Un nuovo volume si aggiunge alla collana Testi e Documenti del Centro di Studi Filologici Sardi. Si tratta del Condaghe di San Gavino a cura di Giuseppe Meloni, docente di Storia Medievale e attualmente Preside della Facoltà di Lettere e Filosofia dell'Università di Sassari.
L'opera si propone di riprendere e approfondire lo studio sul condaghe già pubblicato in una prima versione nei volumi Dal mondo antico all'età contemporanea. Studi in onore di Manlio Brigaglia offerti dal Dipartimento di Storia dell'Università di Sassari, (2001), e Il regno di Torres. Atti di "Spazio e Suono", 2, a cura di Giuseppe Piras (2002).
Come sottolinea lo stesso autore nella Premessa "in questo studio viene rivalutata e riproposta la matrice medievale dei fatti leggendari così come quella degli avvenimenti storici narrati.

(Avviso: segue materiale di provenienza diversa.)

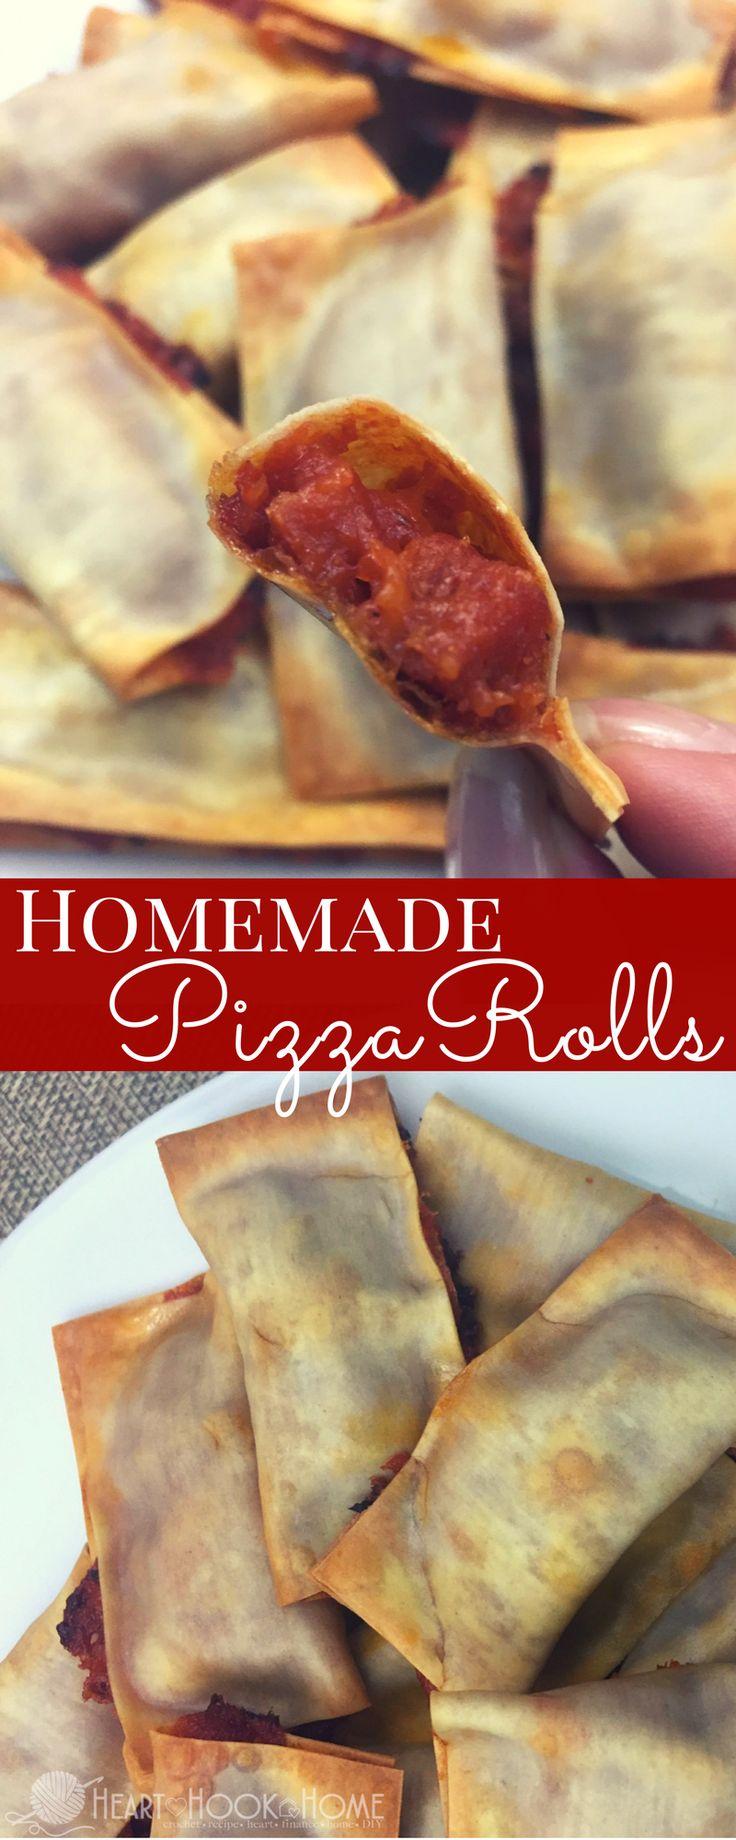 Homemade (Baked) Pizza Rolls http://hearthookhome.com/homemade-pizza-rolls/?utm_campaign=coschedule&utm_source=pinterest&utm_medium=Ashlea%20K%20-%20Heart%2C%20Hook%2C%20Home&utm_content=Homemade%20%28Baked%29%20Pizza%20Rolls

Si propone una datazione sull'origine della tradizione che non appare azzardato far risalire quanto meno al periodo di passaggio tra il XIII e il XIV secolo, quando sono ancora vivi consistenti elementi culturali e politici di area italiana e si affacciano i primi di matrice iberica, catalano-aragonese".
Il testo del Condaghe ci è noto attraverso una trascrizione redatta dallo scrittore sassarese Francesco Rocca (vissuto tra il XVI e il XVII secolo) stampata a Sassari nel 1620 e conservata presso la Biblioteca Universitaria di Cagliari. Il Rocca segnala altre due edizioni a stampa: quelle di Venezia, del 1497, e di Roma, del 1547.
Il testo in questione, pur essendo definito condaghe, non è un registro amministrativo giuridico, come ci si potrebbe aspettare, infatti sottolinea Giuseppe Meloni "per condaghe, termine che si alterna spesso a fundaghe, a partire dal secolo XV fino a tutto il XVII si intendevano anche quelle opere che facevano riferimento alla storia patria, alle origini di quel mondo giudicale la cui conoscenza permetteva di ricercare antiche radici di nazionalità". Scritto in lingua logudorese, colta ma con influssi della parlata popolare, non è esente da italianismi, dovuti all'influenza linguistica dei liguri e dei toscani.
I riferimenti storici e linguistici, gli elementi leggendari, di cui è ricca l'opera sono il punto di partenza della ricostruzione di una tradizione legata alla scoperta dei corpi dei martiri turritani Gavino, Proto e Gianuario. L'opera ha perciò valore storico per le innumerevoli e curiose notizie sull'origine dell'istituzione giudicale (la nascita del giudicato di Torres, la vita del giudice Comita, la sua malattia, la lebbra, che lo legò al culto di San Gavino) che se l'autore da un lato invita alla prudenza prima di accettare come storicamente certe, offre numerosi spunti di riflessione sulla possibile attendibilità di questa importantissima fonte, sottolineando la necessità di non trascurare i materiali che abbiamo a disposizione per la ricostruzione della nostra storia, riportando, a tal fine, una frase di Giulio Paulis (a proposito del fatto che M. L. Wagner avesse trascurato materiali linguistici reperibili nel Codex Diplomaticus Sardiniae di P. Tola) "non possono essere accantonati del tutto, senza correre il pericolo di buttar via, come si usa dire, insieme all'acqua sporca anche il bambino".